O wow so only two years with the dual gate shifter in the GTO. 

No tinted windows, unfortunately in NYS it is now illegal. The car does have factory A/C. All matching numbers but the original color was red.


----------



## BLK69JUDGE (Jun 10, 2010)

yes,,, 66 was a 2 speed ....69 went to a push away ratcheting style shifter ...

oh..... it has factory tint ... look at the corner of the door glass ... it will say SOFT RAY
99 percent of ac cars had the blue windows.......
solar red eh ? black red or parchment inside ?


----------



## nick rice (Nov 10, 2014)

Ya I knew that was factory tint. I spot that first thing a mile away. Mine came with it without being an AC car. I feel lucky that box was checked. O sorry though no help here on the his & hers.. I always thought that early one with the lockout key for the girlfriend was so cool though. Nice looking 68 by the way...always my favorite 2nd gen..
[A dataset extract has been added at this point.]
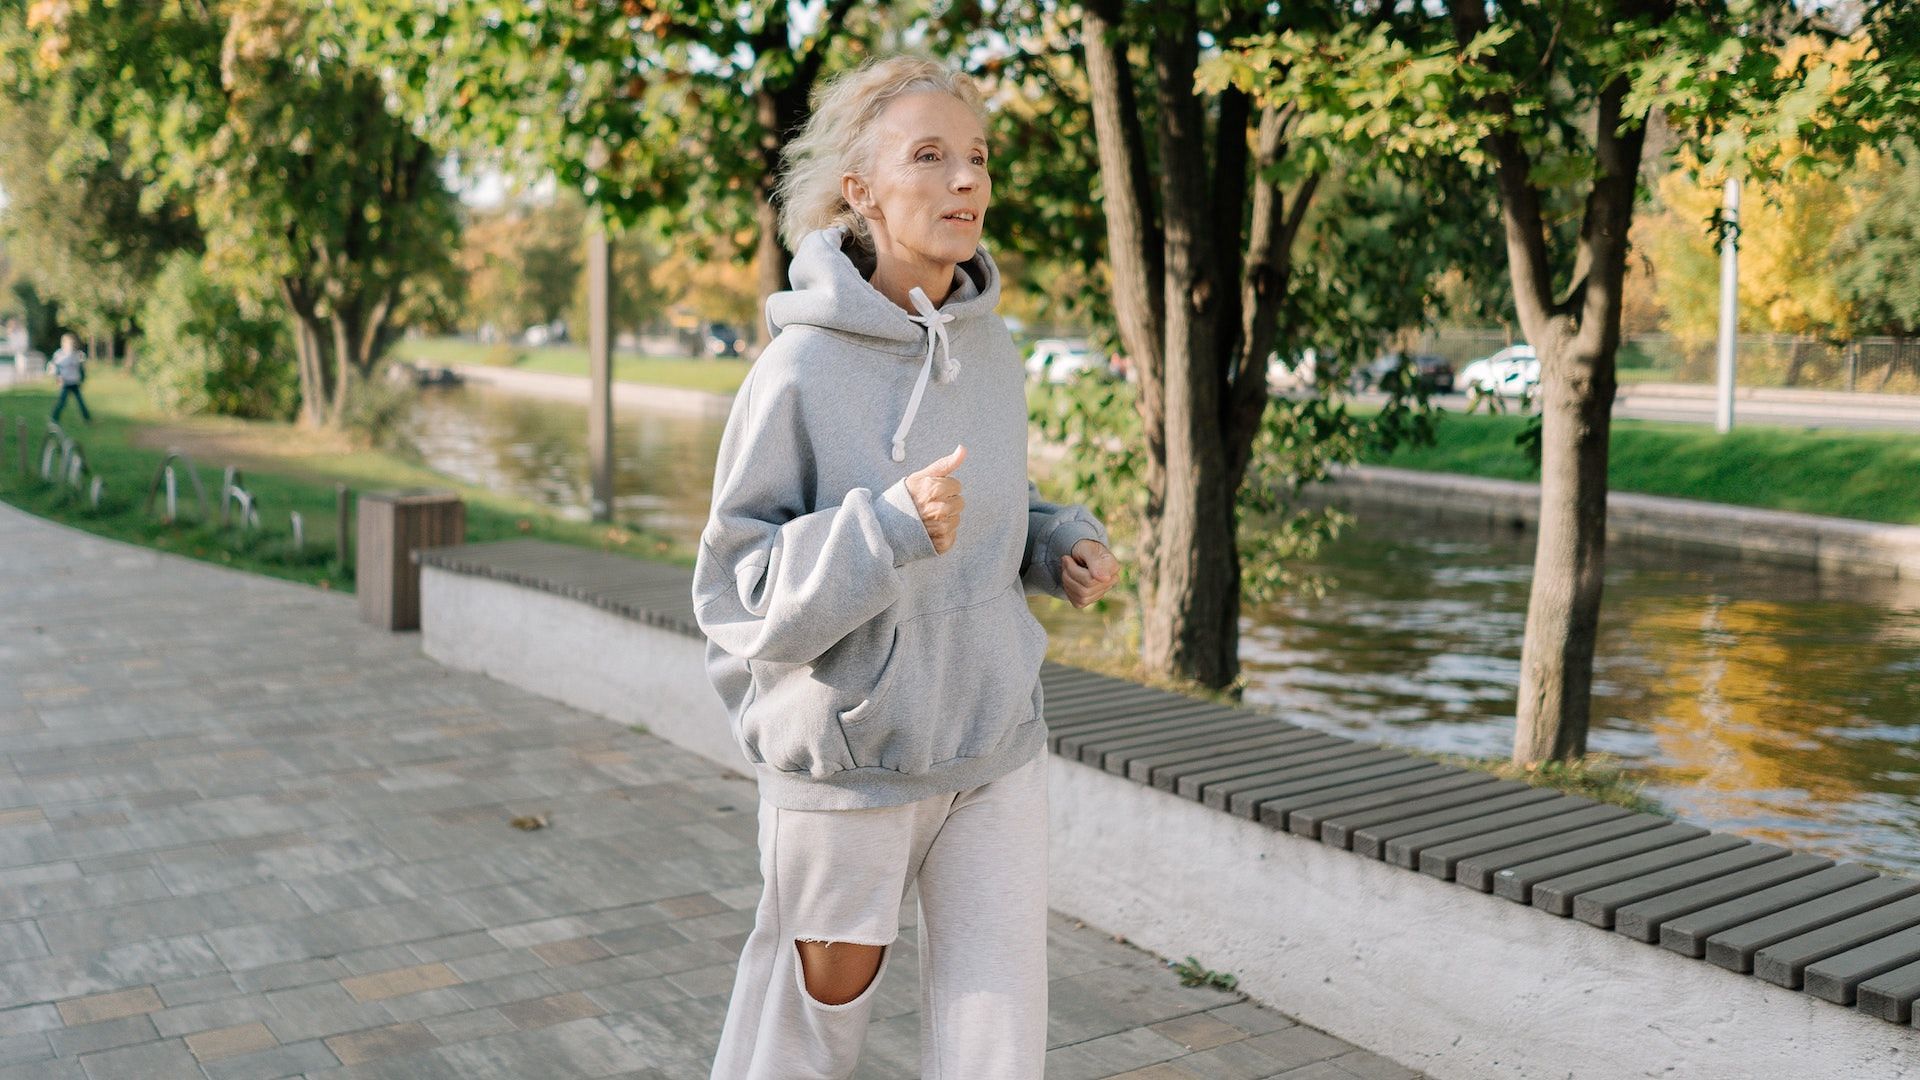 There&#039;s lots of ways for senior adults to stay fit. Image via Pexels/Cottonbro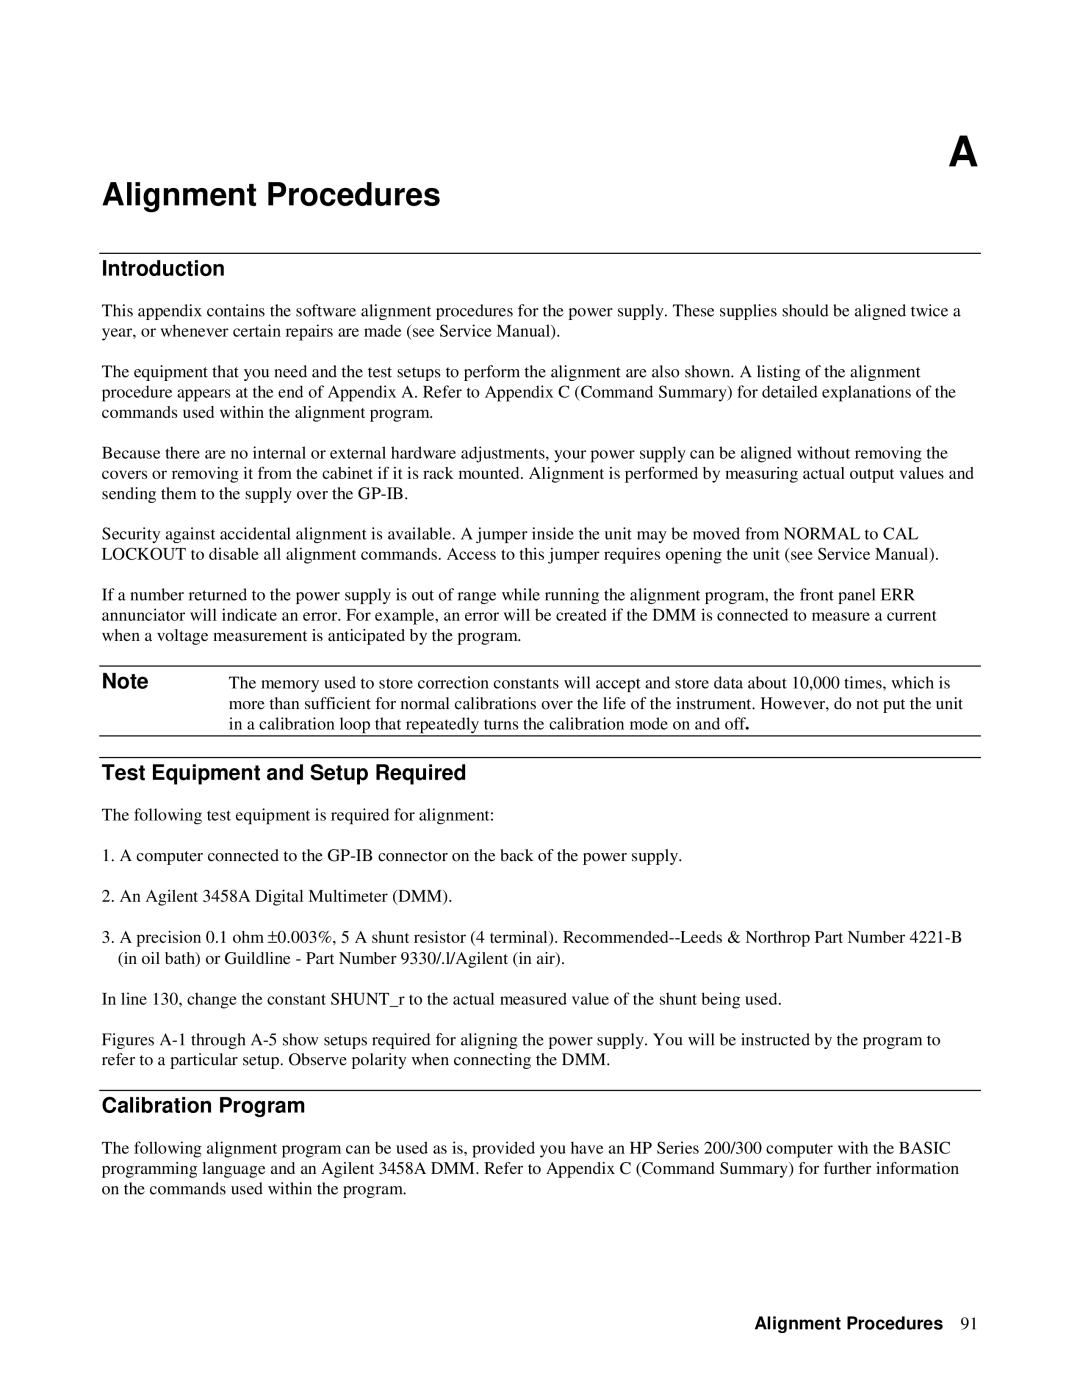 Agilent Technologies 6629A, 6626A, 6628A, 6625A Alignment Procedures, Test Equipment and Setup Required, Calibration Program

Sent from my SM-G970U using Tapatalk


----------



## PontiacJim (Dec 29, 2012)

joef8388 said:


> O wow so only two years with the dual gate shifter in the GTO.
> 
> No tinted windows, unfortunately in NYS it is now illegal. The car does have factory A/C. All matching numbers but the original color was red.


Yep, so not a rare option, a standard option on any TH-400 console mounted car. Rare would be a column shift, but in this case, rare does not mean an increase in value because it is not a desireable option.


----------



## joef8388 (Feb 25, 2020)

BLK69JUDGE said:


> yes,,, 66 was a 2 speed ....69 went to a push away ratcheting style shifter ...
> 
> oh..... it has factory tint ... look at the corner of the door glass ... it will say SOFT RAY
> 99 percent of ac cars had the blue windows.......
> solar red eh ? black red or parchment inside ?


I’ll have to check my window, I didn’t realize that. Thanks for the knowledge.
Yes, solar red.


----------